Thus each action aimed at protecting the health of bees and other pollinators is important not only for them but also for humankind. “Bees Caring for Humankind. Humankind Caring for Bees,” says the world body.

Big Facts

Here are 13 big facts the United Nations provides:
There are more than 20,000 species providing pollination service, but honeybees, i.e. those widely used for commercial honey production, are perhaps the most charismatic representatives of them. They are distinguished by the fact that they are the least picky in their choice of flowers.
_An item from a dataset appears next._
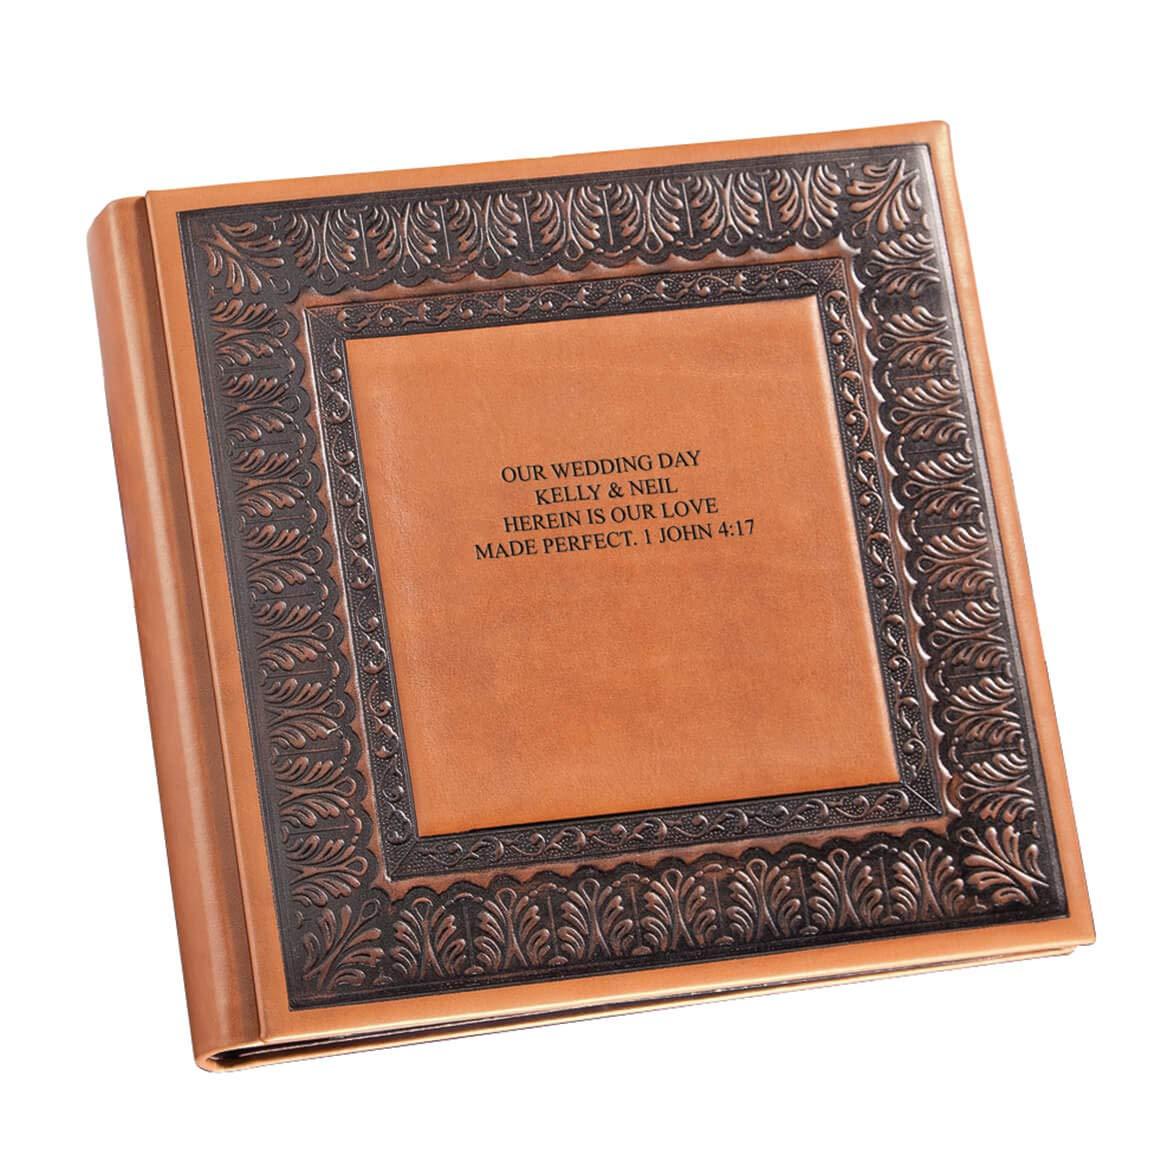 Exposures Personalized Bellini Leather Album, Customize 3 Lines

Honeybees are social insects that live in colonies, each consisting of:
• The queen, whose main activity is egg-laying, up to 2,000/day,
• 20,000–80,000 workers, all of which are females and
• 300–1,000 males (drones), whose sole responsibility is fertilisation.
• The queen will normally live for between 1 and 4 years, while a worker bee will live for 6–8 weeks in the summer and 4–6 months in the winter.
• Without a queen, the colony will eventually die.
• The workers perform a multitude of tasks, including tending to the queen, feeding larvae, feeding drones, nectar ripening, producing heat, collecting water, beehive-cleaning, guard duty, and field collection of pollen and nectar. A single honeybee may collect 1/12 of a teaspoon of honey in her lifetime.
• The “drones” would die of starvation if the workers stopped feeding them.
• Bees have personalities! Despite the phrase “busy as a bee”, even within a colony there will be workers and shirkers!
• Honeybees’ wings beat 11,400 times per minute, this making their distinctive buzz.
• Bees can recognise human faces.
• Bees are nature’s most economical builders – honeycombs are among the most efficient structures in nature; their walls meet at a precise 120-degree angle, making a perfect hexagon.
• Bees fly outside the hive normally when temperatures rise above 50 degrees Fahrenheit (10 degrees Celsius).
• Honeybees do not hibernate, but cluster for warmth. They remain active all winter.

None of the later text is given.